### summary

The game now seems to have become a way of entertainment that we can’t get around. From large-scale end games to mobile games, to page games, and then to H5 games in various apps, it has invaded our lives in various ways. So while enjoying the game, as a front-end developer, he also began to think about how to develop a game. What should it have at the technical level?

In addition to the basic game screen, dynamic effect development and rendering functions, there is another thing worth exploring, that is, the physics engine. A good physics engine ensures that the interactive experience in the game is similar to that in reality, providing people with a better experience.

There are many useful physical engines, most of which are out of the box, but some people may not understand what the basic and underlying logic of the physical engine looks like. Starting from this issue, we will introduce the basics of the physics engine in several parts to let you know more about it. The following contents refer to game physics engine development.

### What is an engine

What is the engine? Of course, this extends the concept of engine in automobile. In automobile, engine, an energy conversion device, converts other energy into mechanical energy and provides it to automobile. It is the core module of automobile movement.

What is the corresponding engine under development? In my understanding, it is a core module that can quickly add functions to the project and ensure the operation of functions. The rendering engine can quickly render the content. Game engine can quickly realize the basic development of a game. The physics engine can quickly simulate the physical state in reality.

After knowing what the engine is, we can pay more attention to the characteristics of the engine. The biggest features of the engine are two——**fast**，**currency**。 It can quickly realize the required functions and has strong universality. It is not developed for a specific business, but for a large class of situations, so it must have strong universality.

Fast means complete functions, complete API packaging and convenient use. Universal means that the logic of the code itself needs enough bottom layer, and the application of the most basic logic can achieve the greatest universality.

### Fundamentals of physics engine

What is the basis of a physics engine? That is physics and mathematics. In fact, the embodiment of a physical system in the game is the position of each object in the whole physical system. Each frame needs to calculate the position of objects so that they can appear in the right place.
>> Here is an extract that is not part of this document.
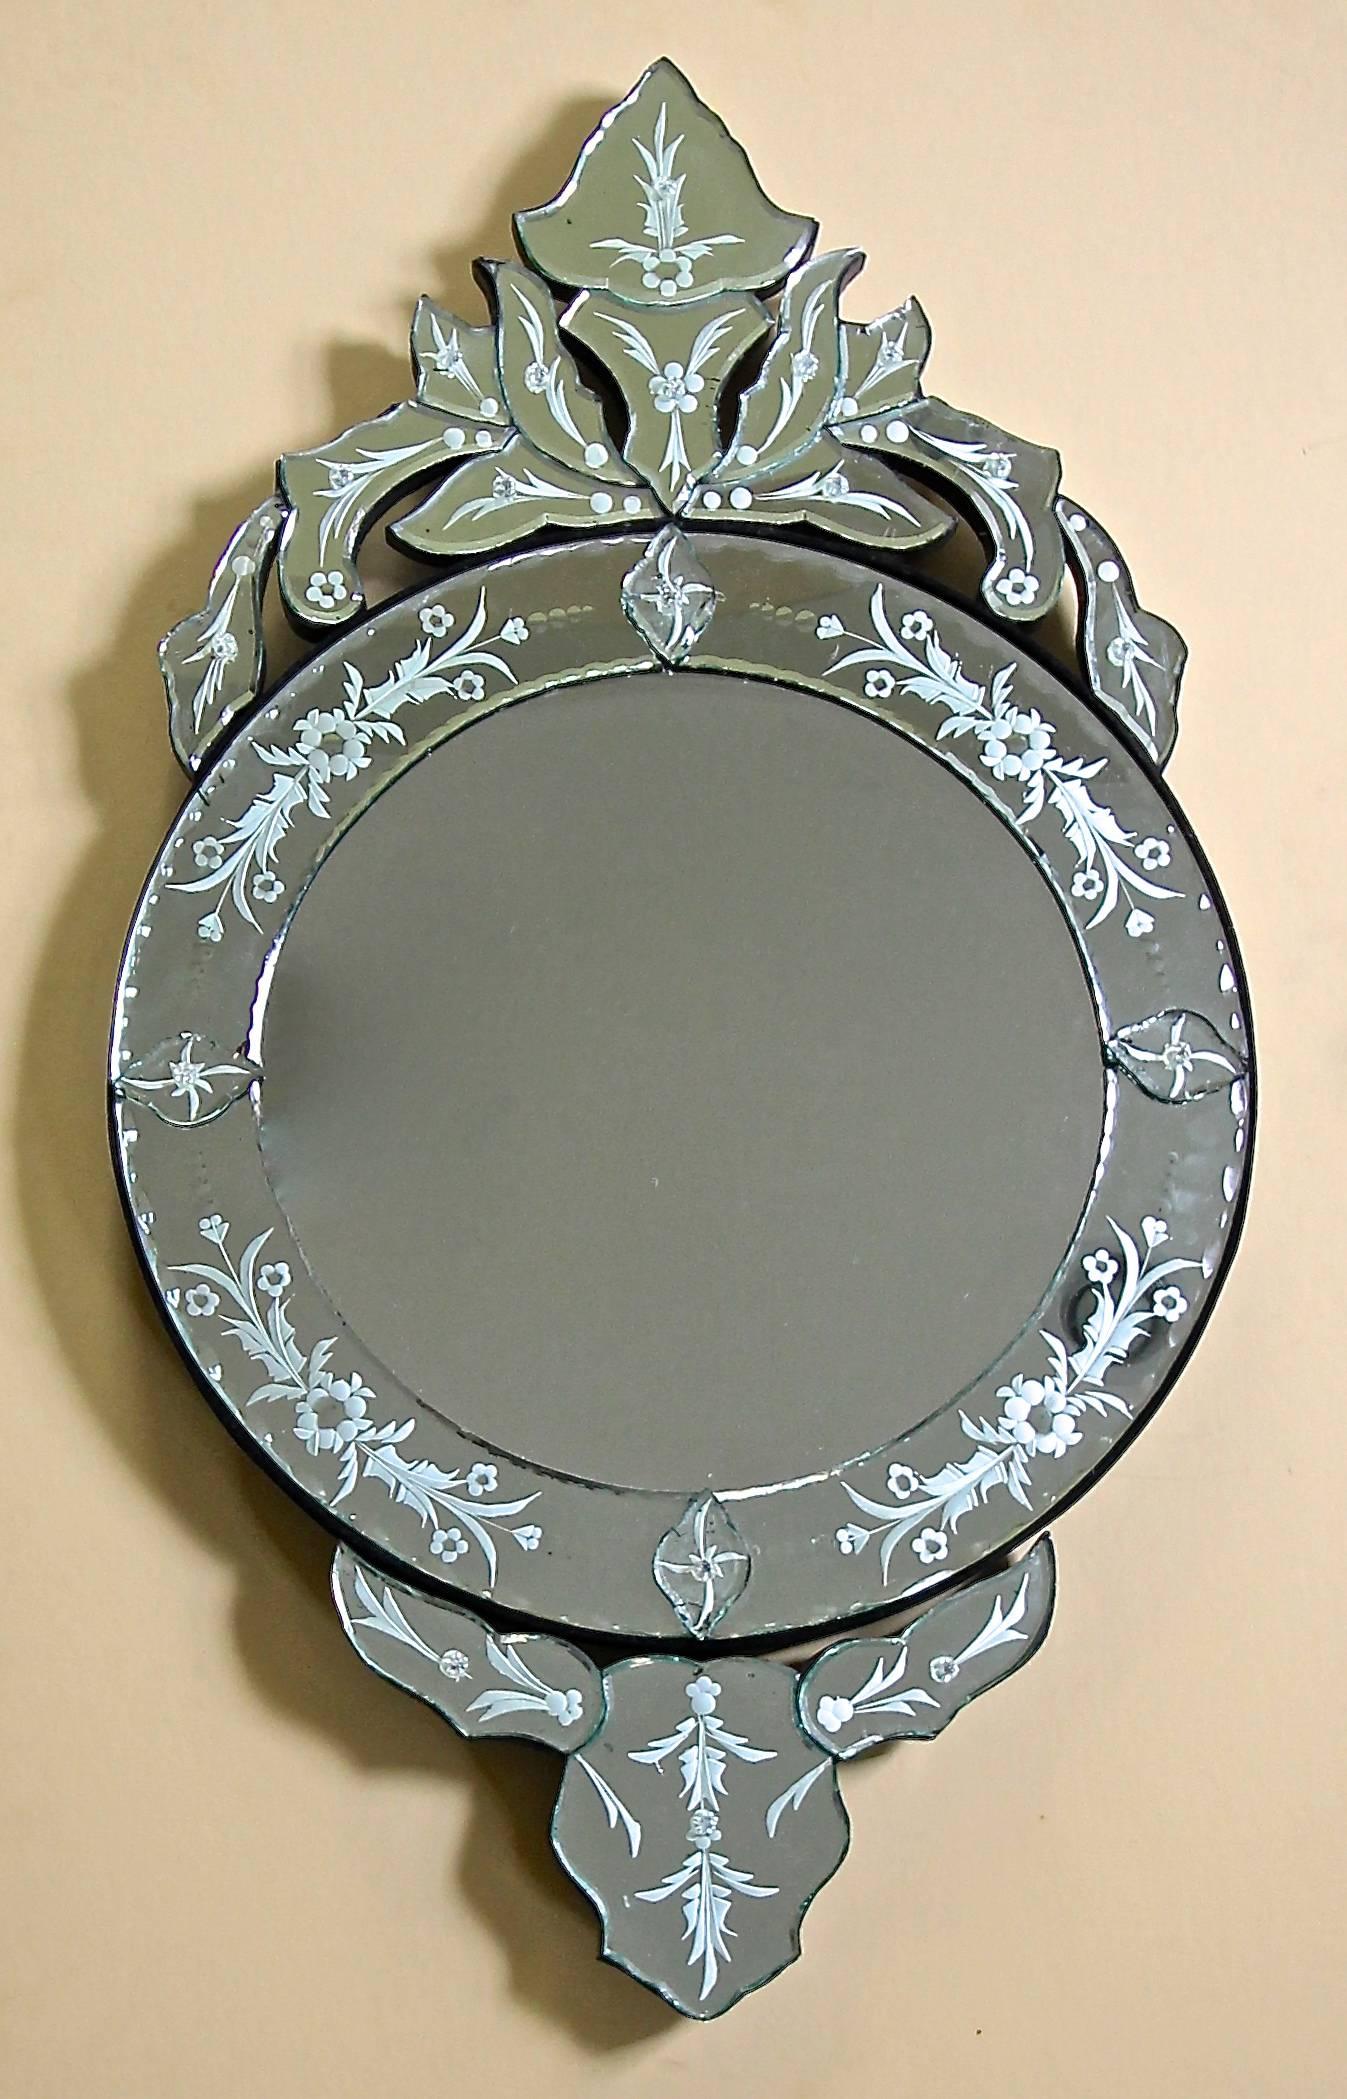 Vintage Venetian Italian wall mirror with reverse etched decoration. Circular central mirror with vertical decoration.

Therefore, mathematical operation in accordance with the laws of physics is the basis of a physics engine. Everything below is based on this.

### Mathematics in code

First, let’s look at where mathematics plays a role in the game world. Whether in the two-dimensional or three-dimensional world, the description of the position of the object is completed by the vector. The processing of vector is inevitably some knowledge of vector itself, such as decomposition, addition and subtraction, point product, vector product and so on.

Therefore, we must first establish a most basic vector class:

```
class Vector {
x: number
y: number
z: number
constructor(x: number,y: number,z: number) {
this.x = x
this.y = y
this.z = z
}
setX(x: number) {
this.x = x
}
setY(y: number) {
this.y = y
}
setZ(z: number) {
this.z = z
}
}
```

The decomposition of vector applies the content of trigonometric function. A vector is decomposed into x-axis, Y-axis and z-axis through angle, or the corresponding angle is calculated according to the coordinates on different axes.

trigonometric function

The calculation principle of vector is not elaborated in detail. In the game world, it will be decomposed to the direction of the corresponding coordinate axis for calculation, even point product or vector product is no exception. Therefore, as long as you skillfully use trigonometric functions and vector calculation formulas, you can deal with vectors.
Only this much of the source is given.